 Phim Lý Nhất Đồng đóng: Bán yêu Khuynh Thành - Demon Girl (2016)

● ● ● ● ● ● ●

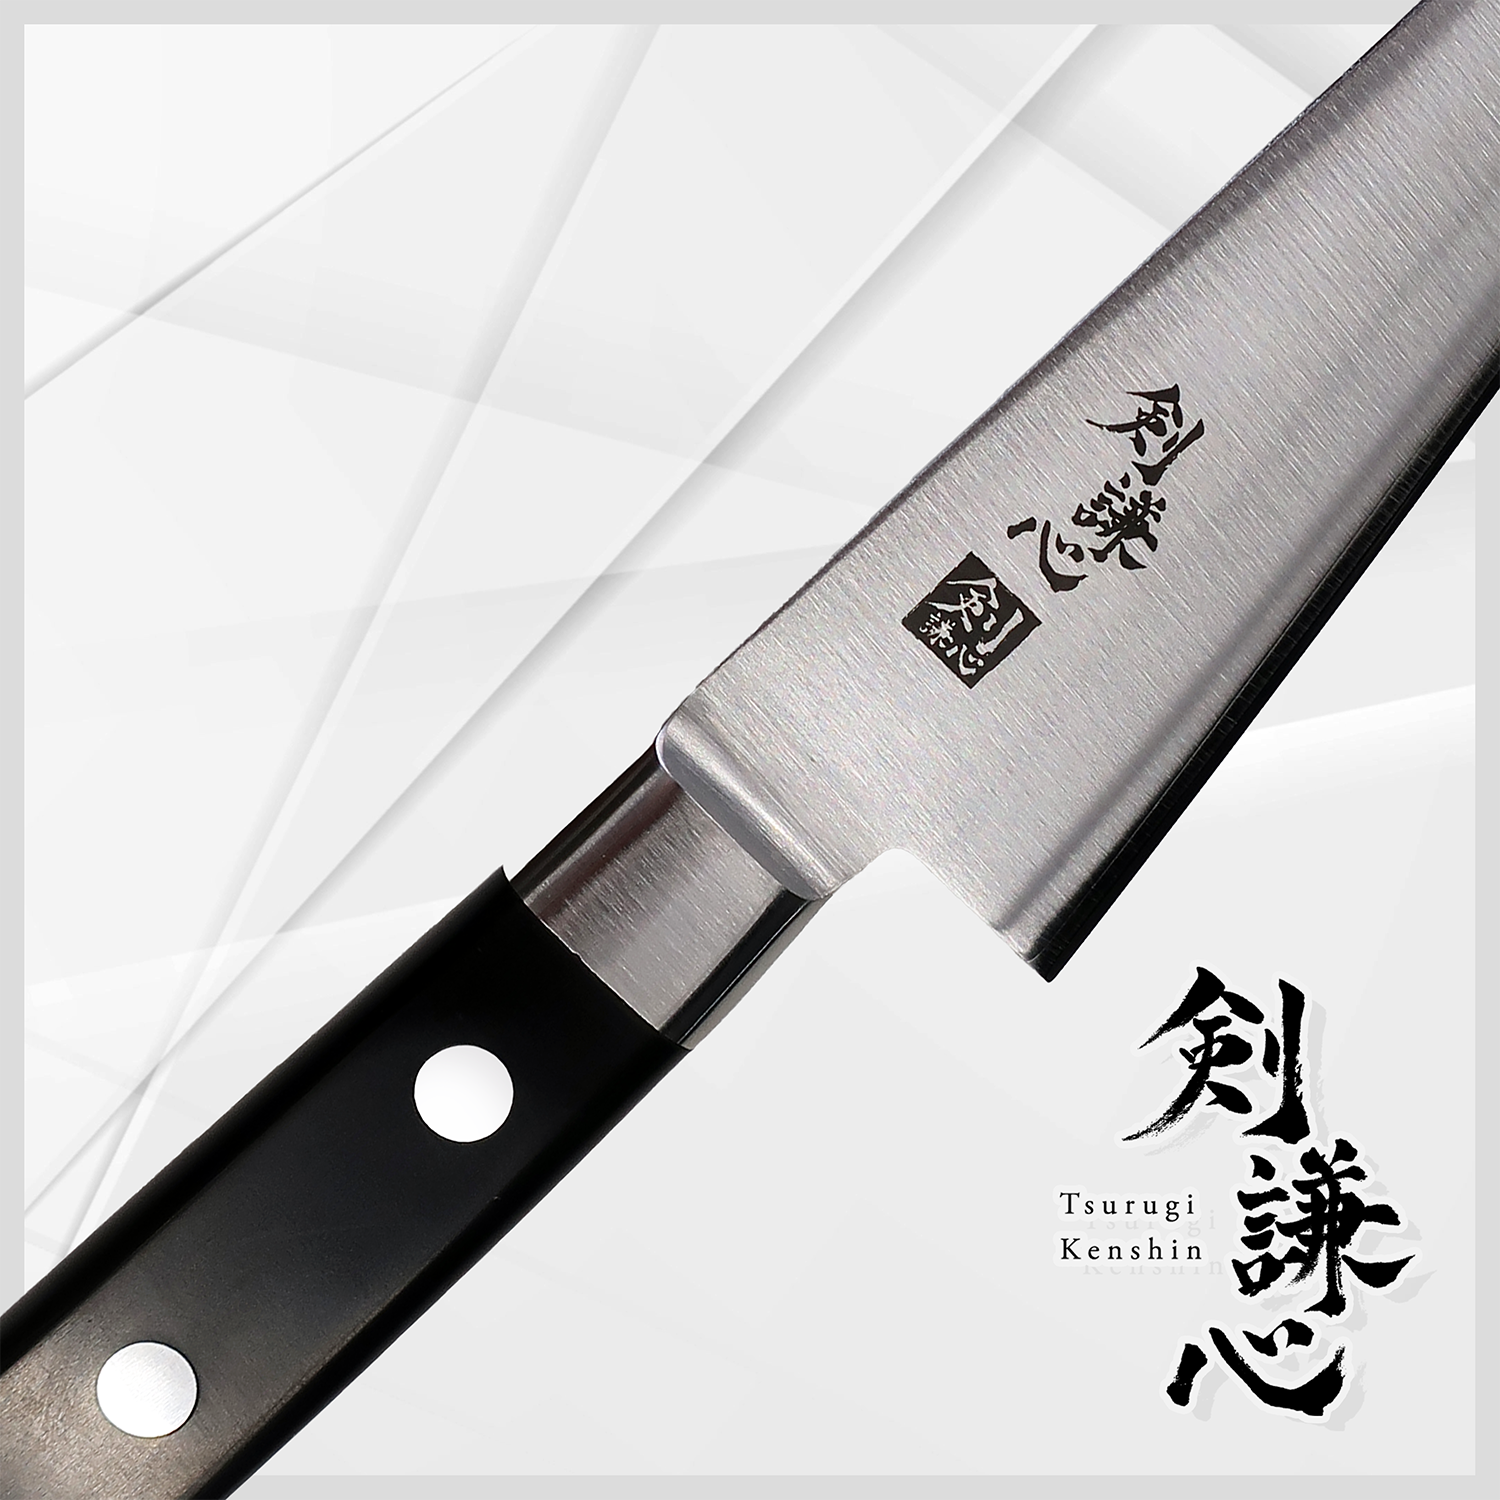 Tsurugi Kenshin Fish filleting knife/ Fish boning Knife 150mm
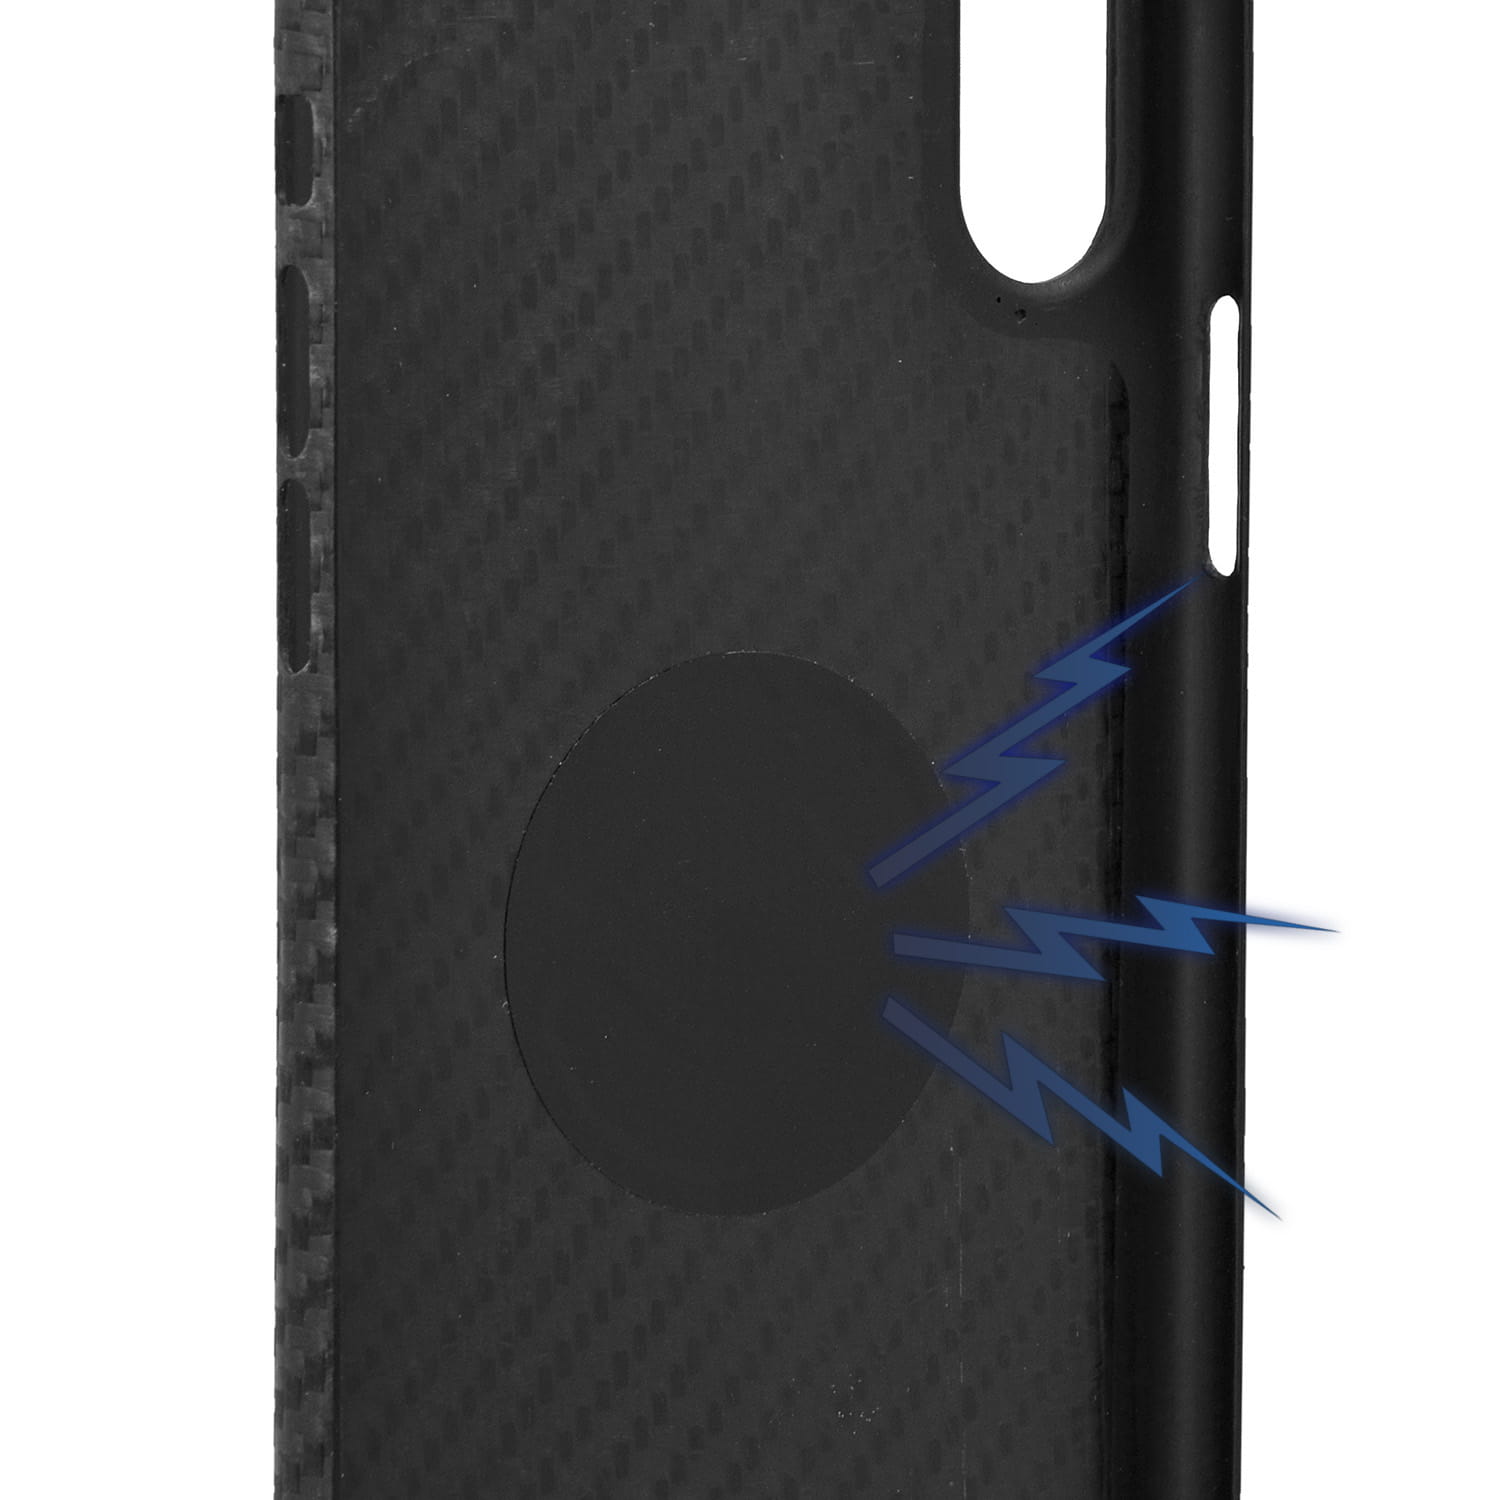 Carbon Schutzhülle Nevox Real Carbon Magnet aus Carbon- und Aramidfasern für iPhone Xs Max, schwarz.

● ● ● ● ● ● ●

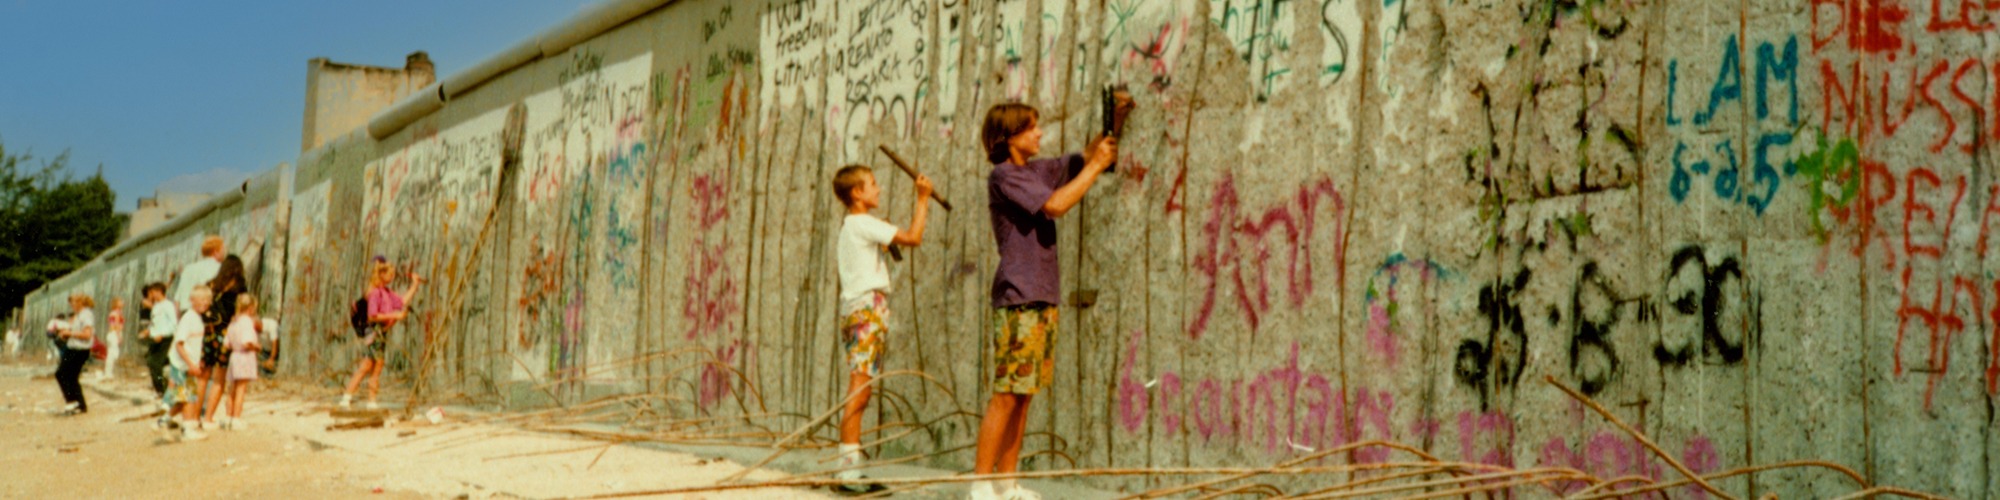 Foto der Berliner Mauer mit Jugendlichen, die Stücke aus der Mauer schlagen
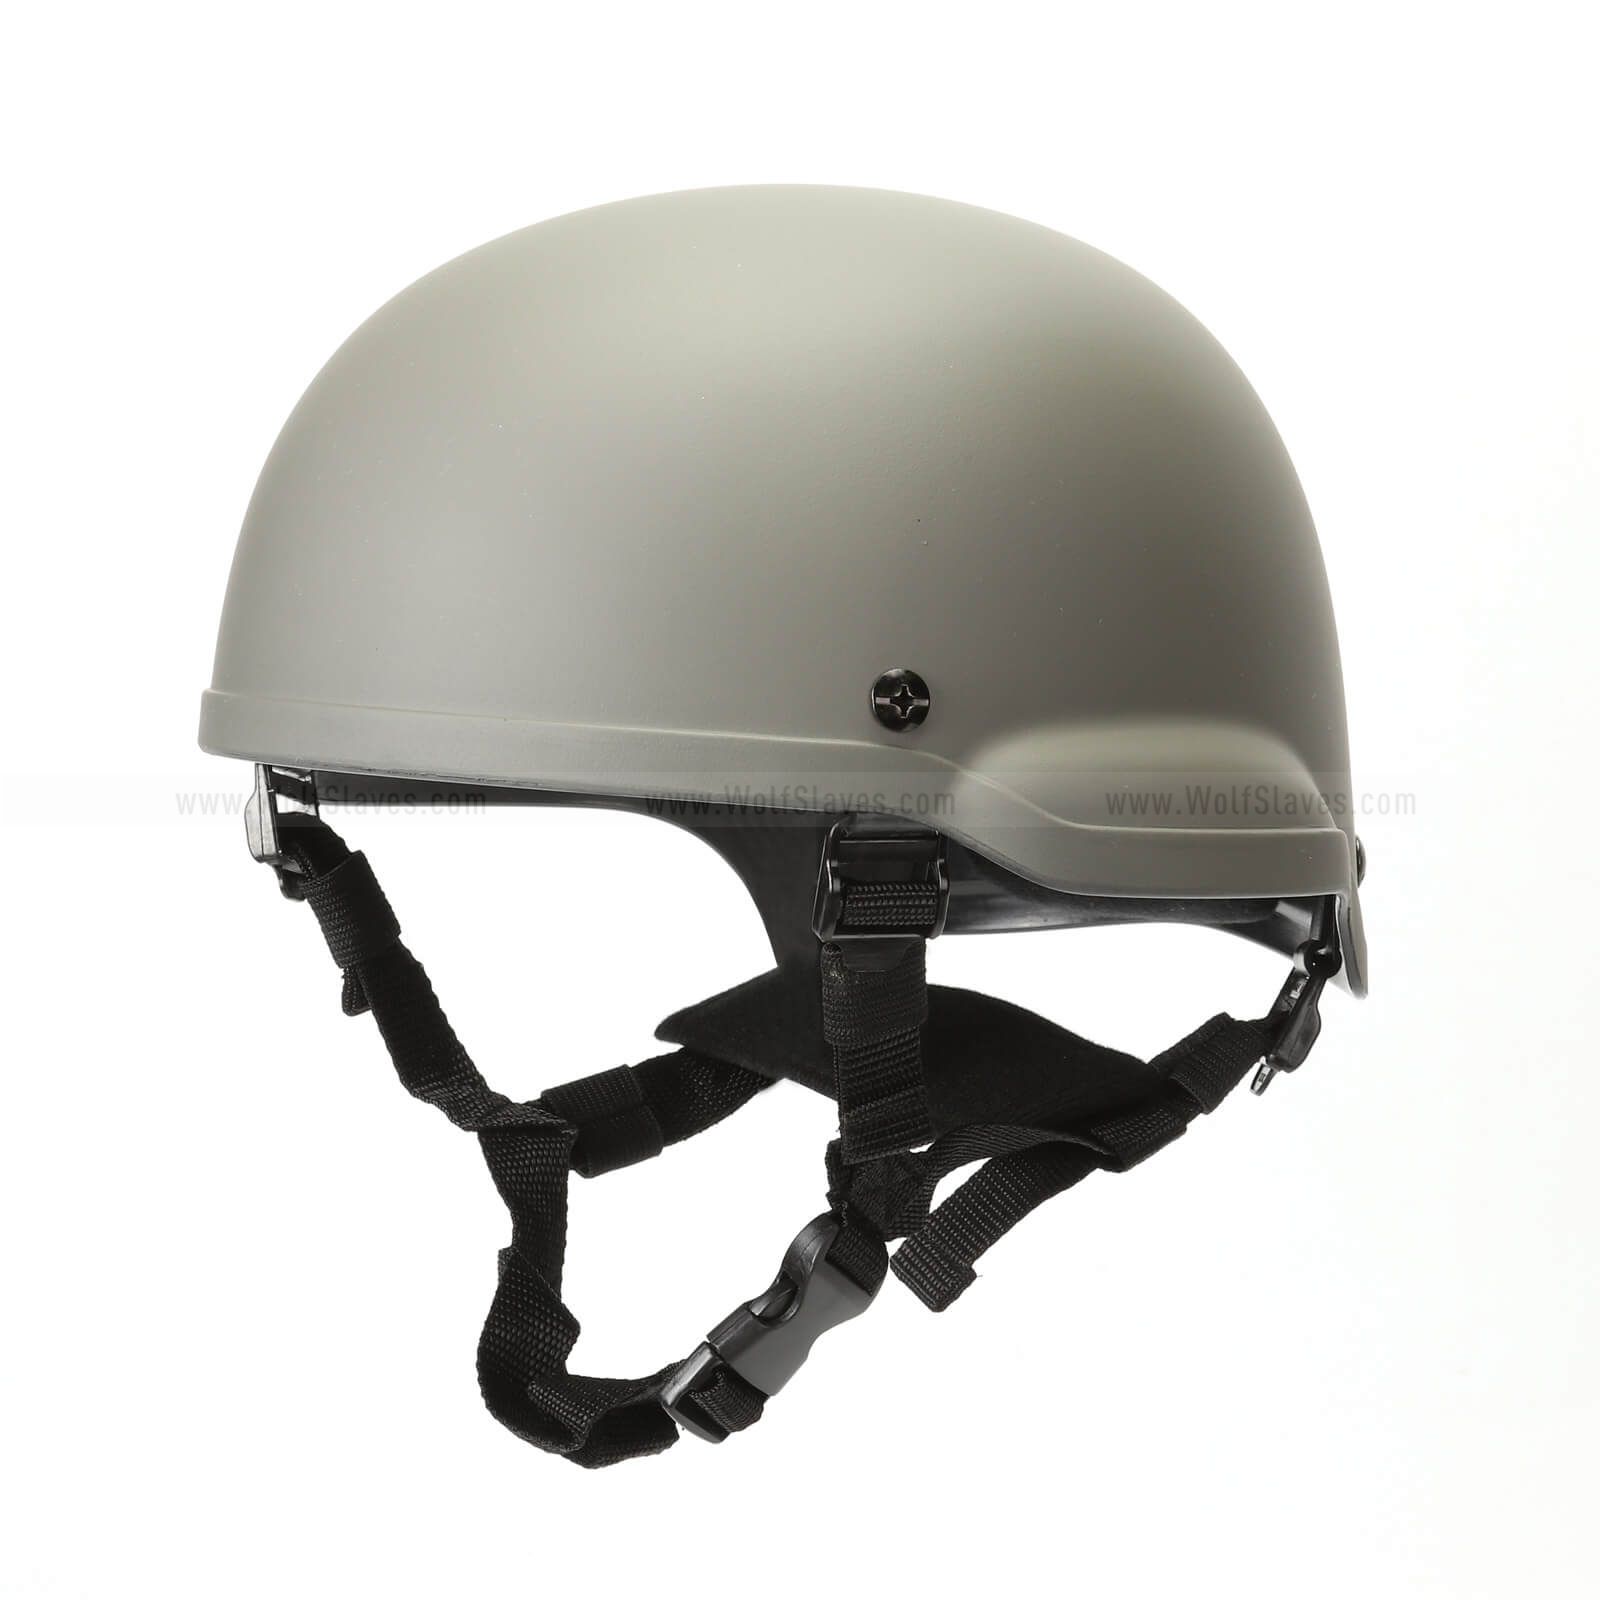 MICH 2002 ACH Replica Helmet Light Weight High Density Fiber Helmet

● ● ● ● ● ● ●

Above is the material; set down exactly its lines from the one containing "Foto der Berliner" down to the one containing "MICH 2002 ACH", both included, leaving out any pictures.

 Foto der Berliner Mauer mit Jugendlichen, die Stücke aus der Mauer schlagen
 MICH 2002 ACH Replica Helmet Light Weight High Density Fiber Helmet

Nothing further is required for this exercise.